The first cohort of graduates from the M.A. in Applied Behavior Analysis (MA-ABA) program at Michigan State University are rising above national averages and making an impact in the field.
“We’re training a new generation of active science-practitioners,” said Assistant Professor Matthew Brodhead of the seven scholars who graduated in spring 2018.
With extensive experience working with individuals with autism and intellectual disability across the lifespan, six of the seven students have taken the national examination to become a Board Certified Behavior Analyst® and have passed. An impressive 83 percent passed this rigorous exam with their first attempt, far exceeding the national average first-time pass rate of 67 percent.
“The BCBA® credential is in extremely high demand, making our alumni very marketable for leadership positions across the state of Michigan and beyond,” Brodhead said.
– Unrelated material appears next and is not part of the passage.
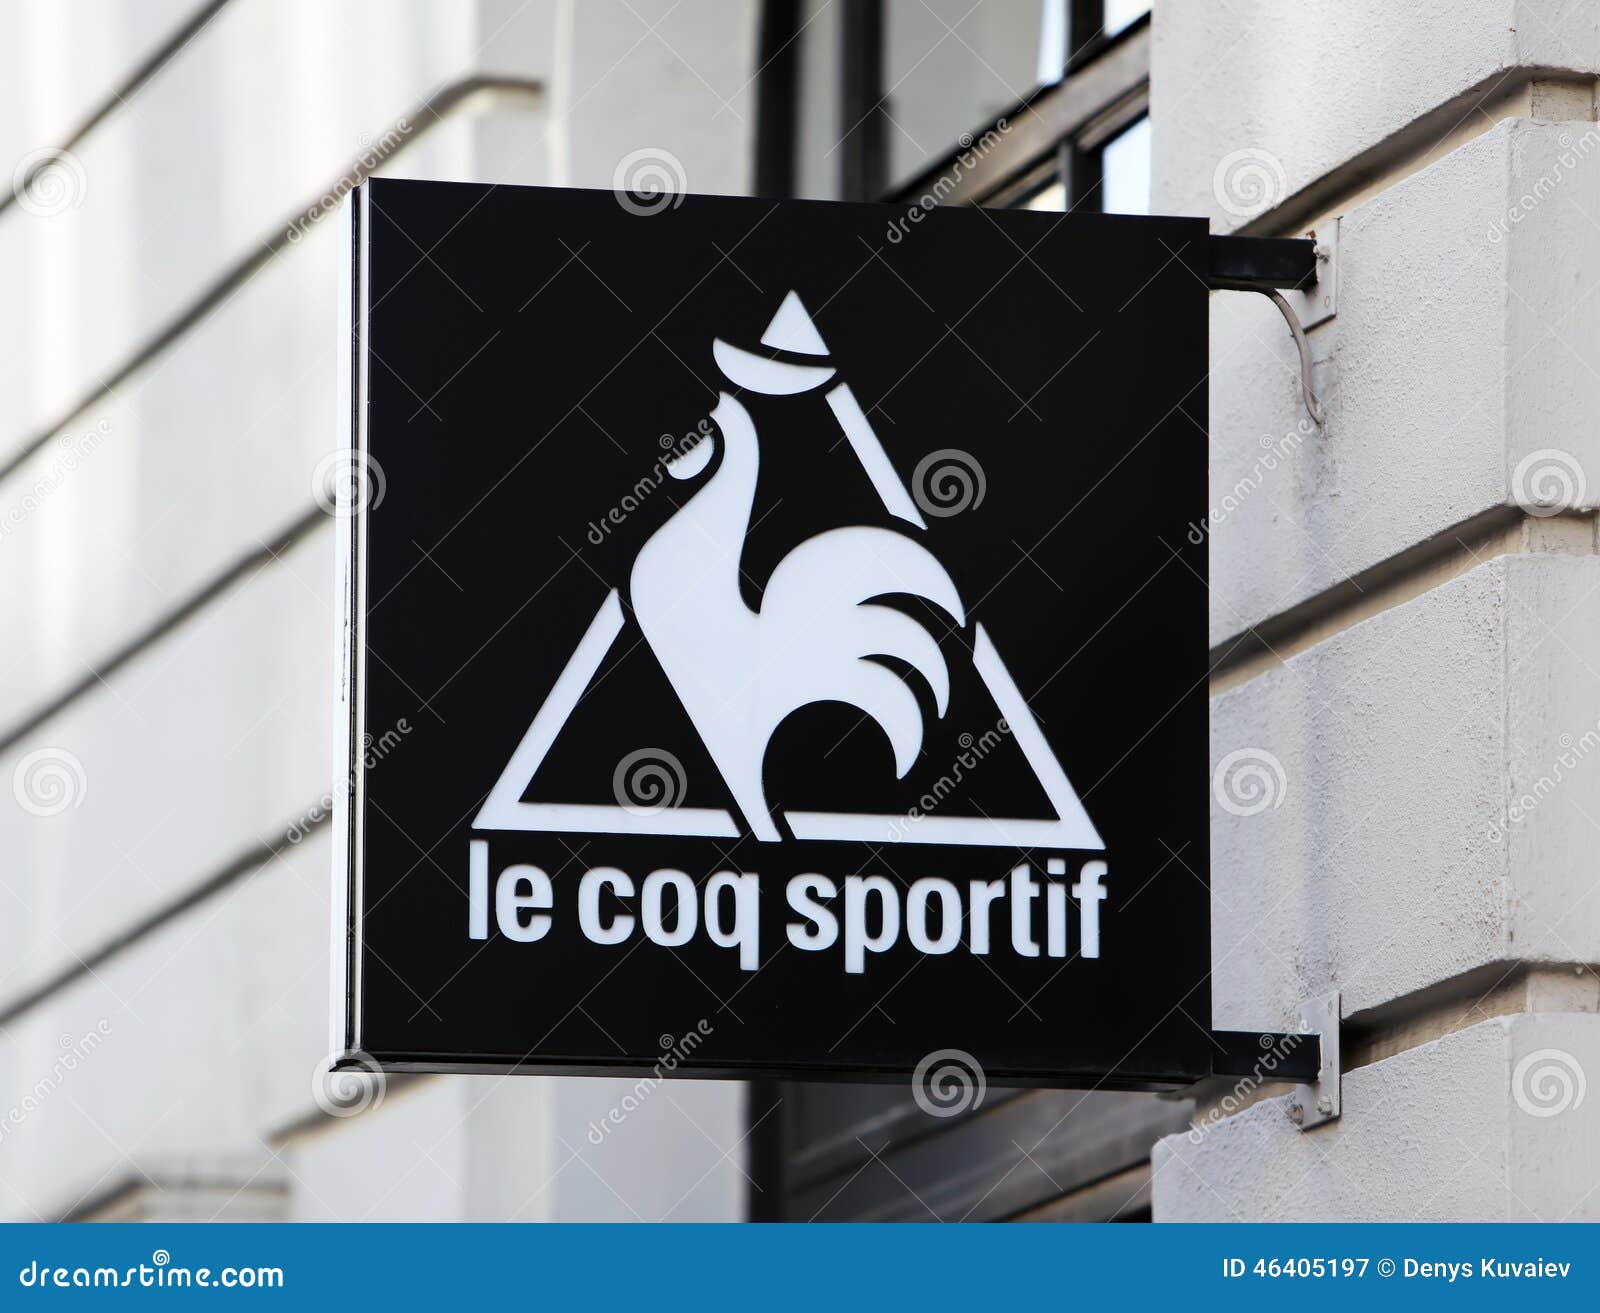 Le Coq Sportif Symbol Over the Entrance of the Store Editorial ...
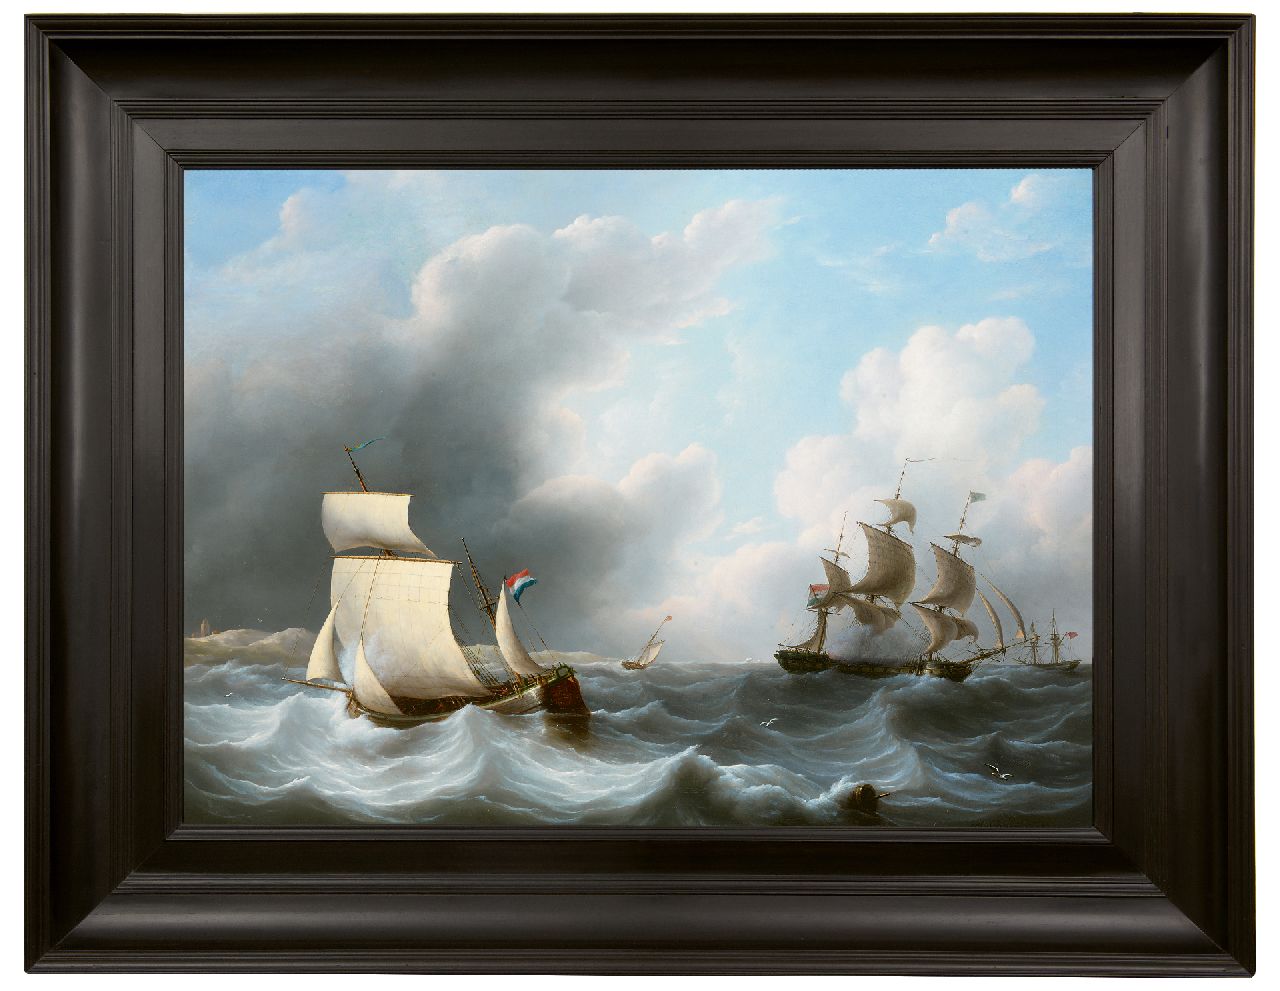 Schouman M.  | Martinus Schouman | Paintings offered for sale | Sailing vessels in choppy seas, oil on canvas 72.0 x 98.5 cm, signed l.r. and painted ca. 1810-1820

He noted all seven graduates had also accepted positions in the field or were accepted to a Ph.D. program prior to graduating. “For our first cohort to be above average in this way shows students who come here can get high quality education, meaningful experiences and be successful.”
Moving the field forward
Two of the students’ theses were also published in acclaimed academic journals.
In March 2018, Behavior Analysis in Practice published a study led by then-students Richard Price and Abbie J. Marsh and accompanied by Assistant Professor Marisa Fisher. The study focused on helping individuals with autism and intellectual disability navigate their community. All participants were Spartan Project SEARCH interns at the time, and utilized a community-based training developed by Price on how to use Google Maps to navigate the bus system (and, later, to follow walking directions) to learn to travel to/from MSU and to/from other locations.
“It increased the participants’ independence and their involvement in the community and leisure activities,” said Fisher.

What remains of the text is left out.